It appears that relative leftovers will eventually improve function however the use of early

active interventions including steroid treatment and physiotherapy modalities may

speed up recovery. The physiotherapy interventions evaluated included exercise and

ultrasound alone and in combination with friction therapeutic massage.

These authors concluded that, patients who need a rapid go back to work or usual

activities, may reap the benefits of one or two steroid shots for pain relief in the first few

weeks or calendar months and physiotherapy (which may include friction therapeutic massage) at any


Smidt et al (2003) completed a review to evaluate physiotherapy interventions for

lateral epicondylitis. This was a well conducted review that found only 1 RCT with

acceptable validity displaying exercises were significantly better than ultrasound plus

friction rub. The authors therefore concluded there was insufficient data for

the effectiveness for some interventions and there is weak proof that ultrasound

may have an advantageous effect.

For the treating sub serious bicipital tendonitis Gonzalez (2004) recommended

physical therapy involving soft tissue remedy with transverse gliding of the tendon

and cross-friction massage.

In the trial assessed by Brosseeau et al (2002) affecting patients with iliotibial band

friction syndrome profound transverse friction therapeutic massage was found in combination with break,

ice, stretches and ultrasound which was in comparison to a control group

receiving rest, ice, stretching exercises and ultrasound only. No statistically

significant difference was proven in pain relief after 4 consultations of friction

massage combined with the other modalities. There is however a clinically

important difference in pain when running.
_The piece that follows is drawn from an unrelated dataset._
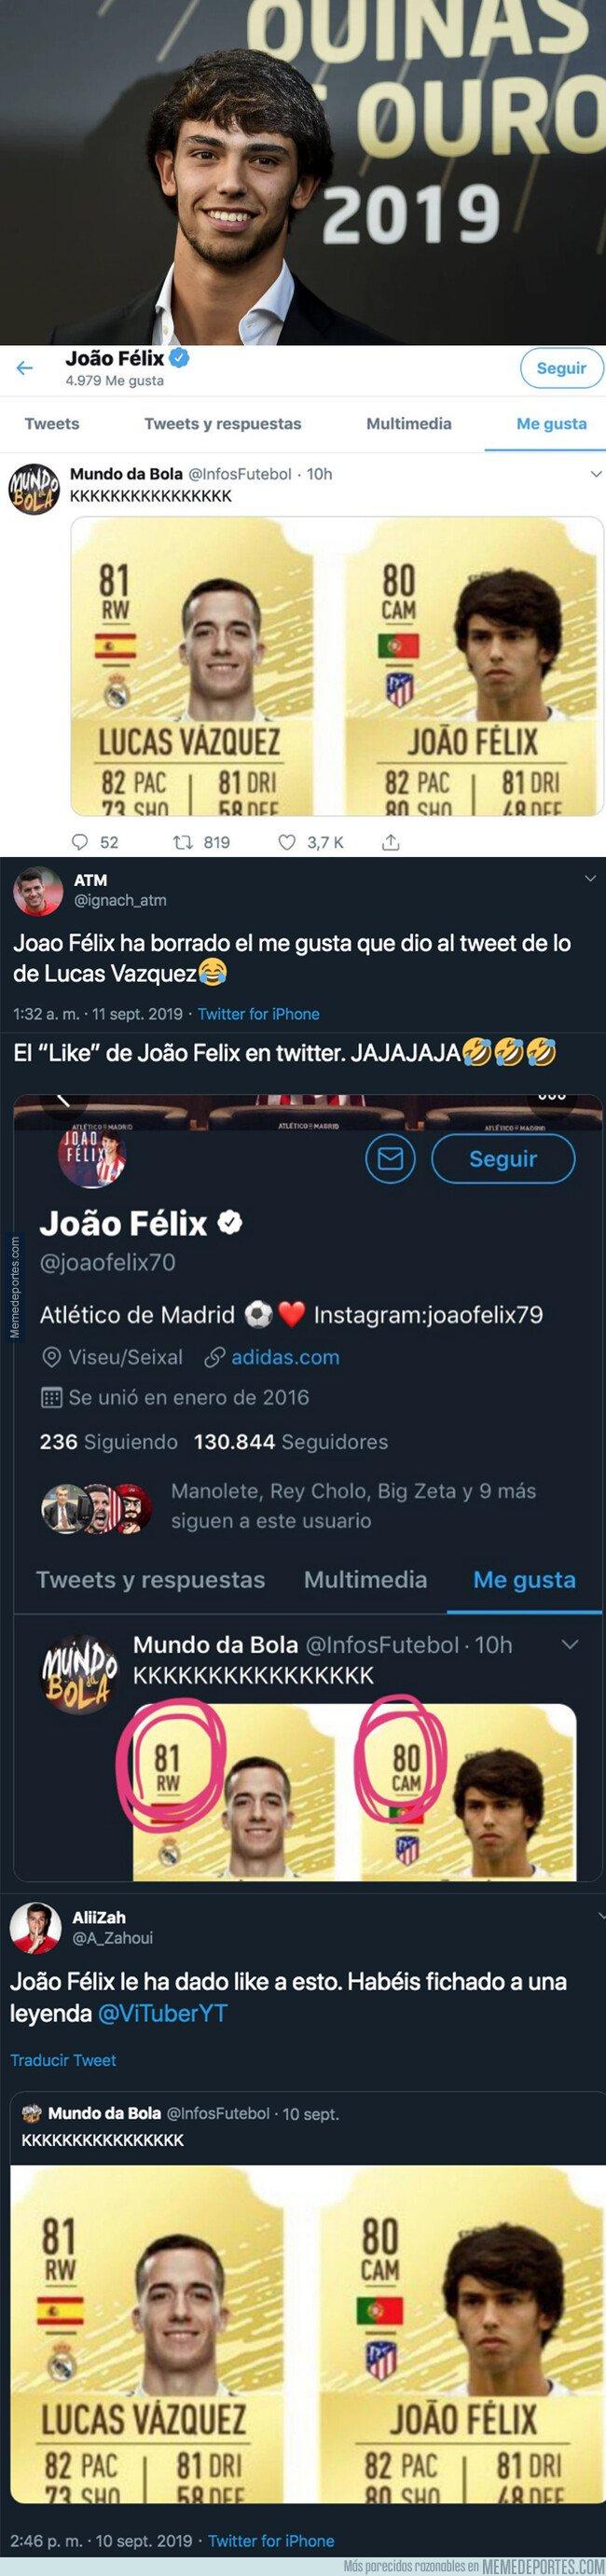 1085596 - El 'like' más polémico de Joao Felix en Twitter que ha revolucionado todo internet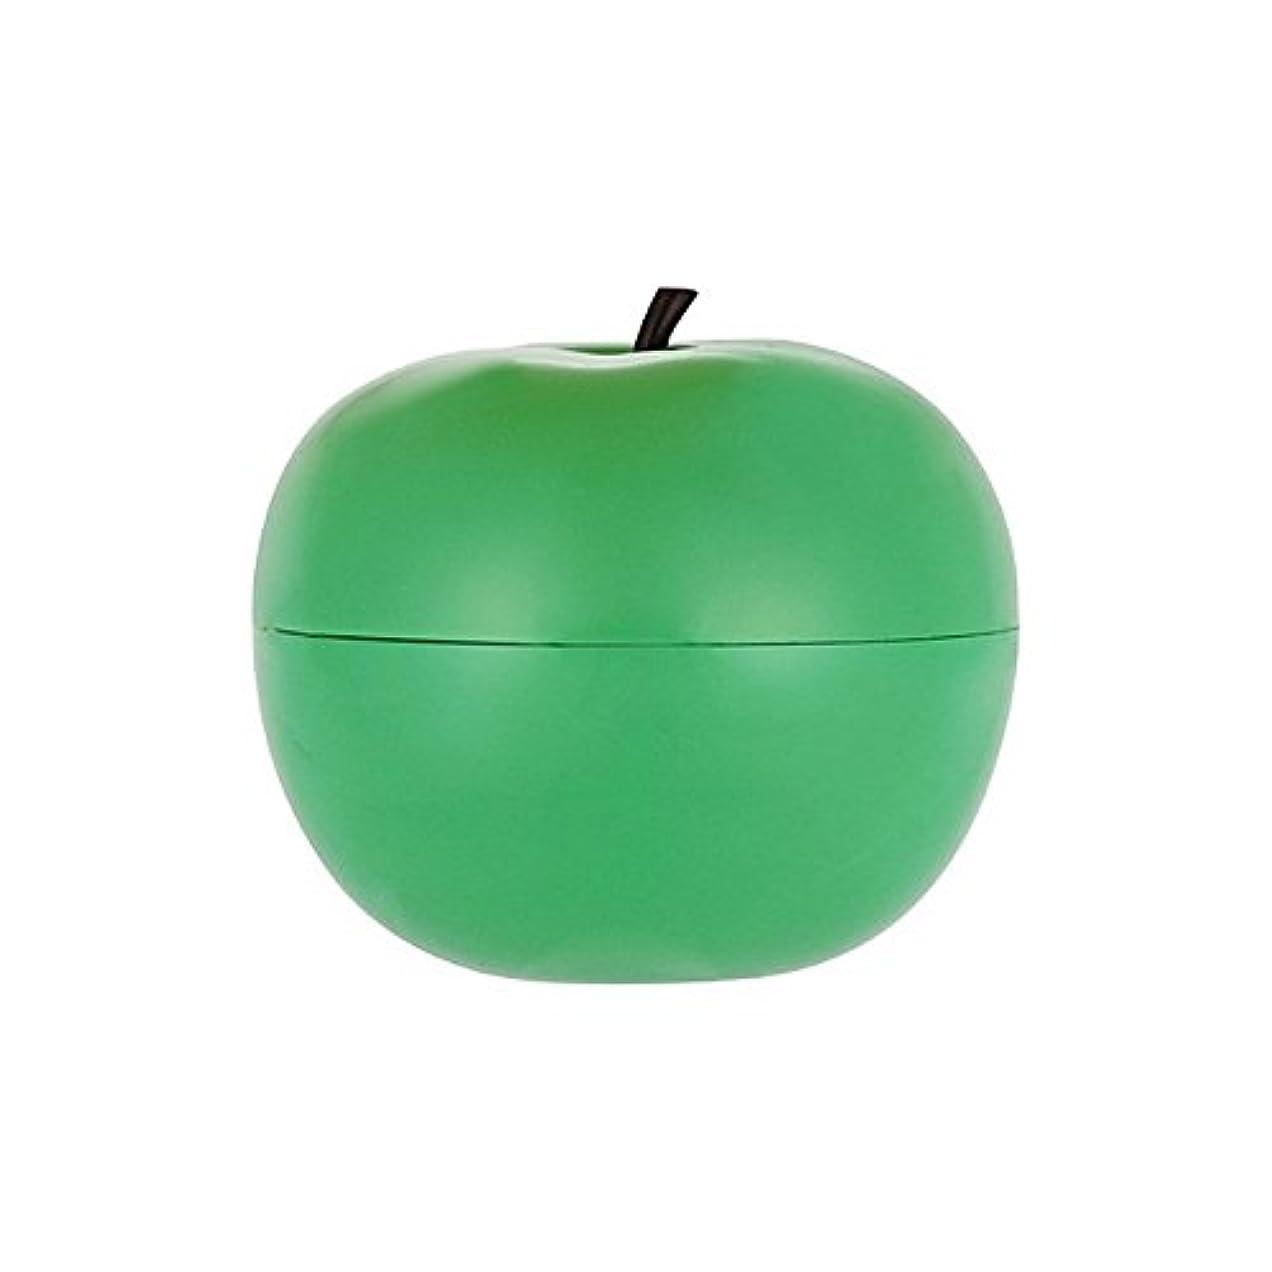 熱帯のオーロック前進トニーモリースムーズマッサージピーリングクリーム80グラム x2 - Tony Moly Appletox Smooth Massage Peeling Cream 80G (Pack of 2) [並行輸入品]

This study had not been two times blinded but this is difficult to do where rehabilitation

interventions are concerned and can lead to tests of such modalities having

consistently low methodological ratings. However withdrawals and dropouts were

reported which is good practice but there have been issues with the randomisation

procedure (Brosseau et al 2002).

In a summary of aetiology, pathology and treatment of temporomandibular joint

syndrome Berman (2004) suggest friction rub may help inactivate result in points

due to non permanent ischemia and resultant hyperaemia produced by a firm cutaneous

pressure. Furthermore small fibrous adhesions in the muscle developed because of this of

surgery, personal injury, or prolonged limited action may be disrupted.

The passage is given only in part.